Rango (2011) deliberately addresses water rights issues as it both elucidates the environmental history surrounding water rights in the American desert and critiques current water rights practices in the Las Vegas area. In an obvious homage to Chinatown noted by critics from Time Magazine to Salon.Com, Rango explores a hero’s attempts to “save a parched Old West-style town from the depredations of water barons and developers” (O’Hehir “Rango and the Rise of Kidult-Oriented Animation”).
In fact, the mayor of Dirt (Ned Beatty), the Western town Rango must civilize, modeled his performance on that of John Huston in Chinatown. With help from a variety of anthropomorphized western characters, Rango (Johnny Depp) successfully returns water to the desert, defeating the water baron mayor and rehabilitating his henchman, Rattlesnake Jake (Bill Nighy), an obvious homage to Lee Van Cleef’s characters in his Western Films.

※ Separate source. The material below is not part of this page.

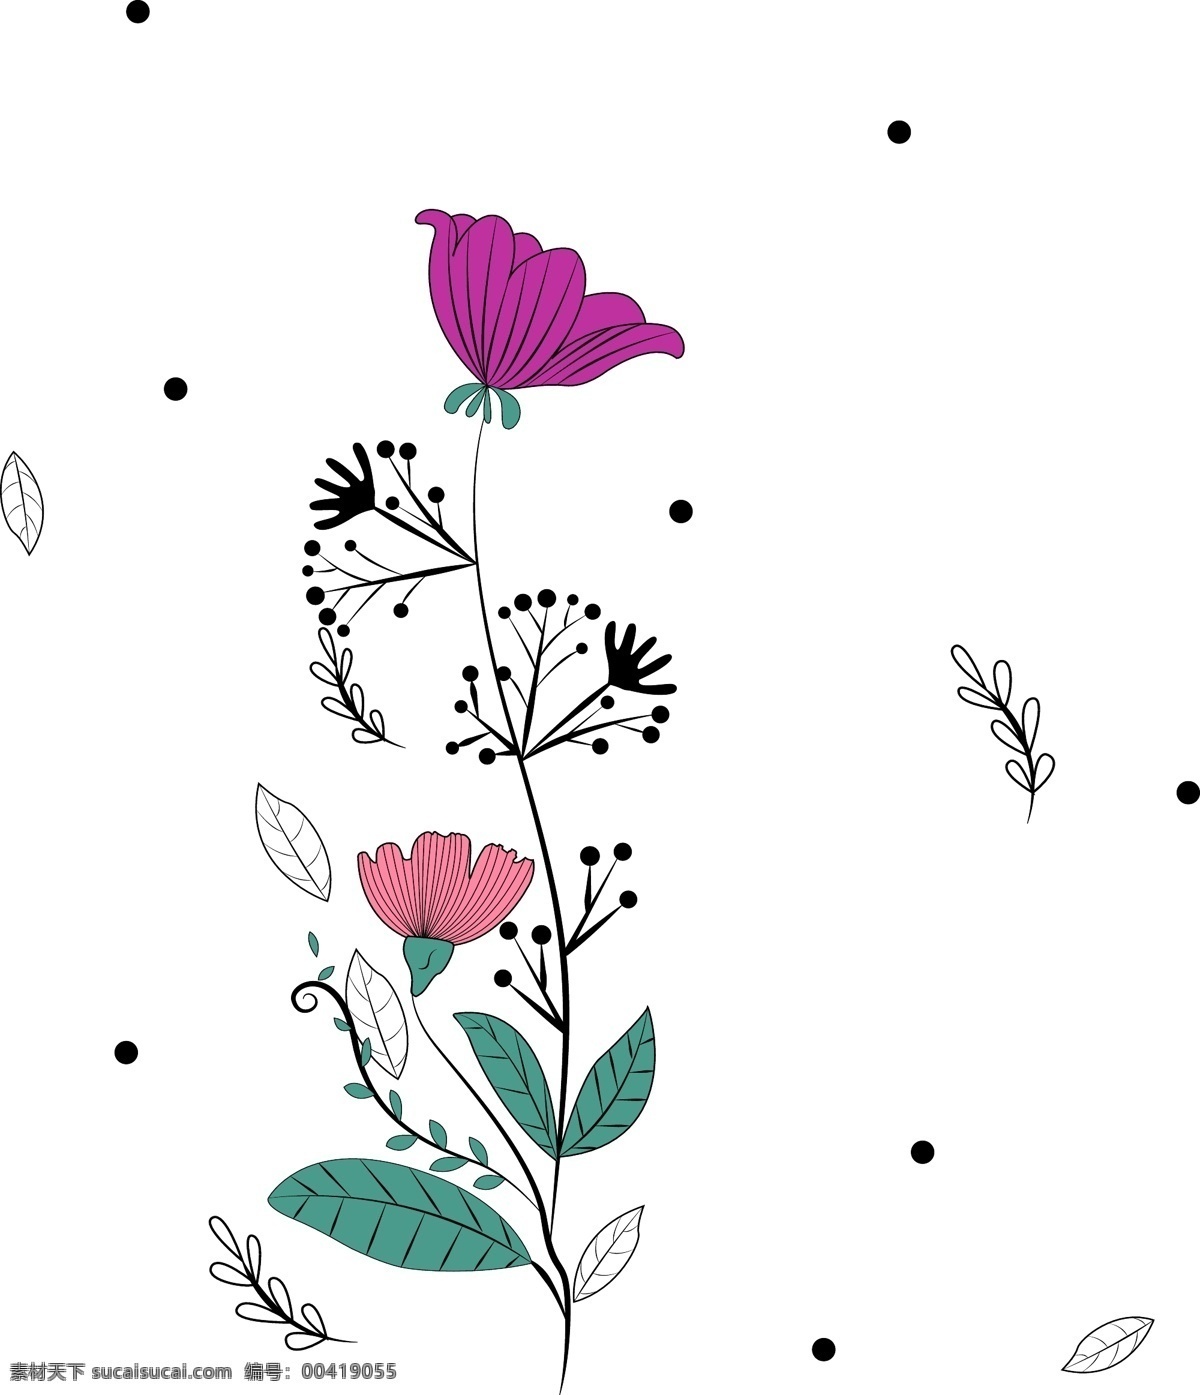 手绘 花 简 笔画 小花 可商用 植物 小清新 手绘花 可爱 简笔画 粉色手绘花

Although A. O. Scott declares, “I confess I wanted a tighter gathering of loose ends, and a more thorough explanation of the politics of water and real estate in the fast-changing American West,” Rango effectively illustrates the continuing influence of nineteenth-century water rights issues. The animated film especially reinforces the ramification of those connected with the Desert Land Act of 1877.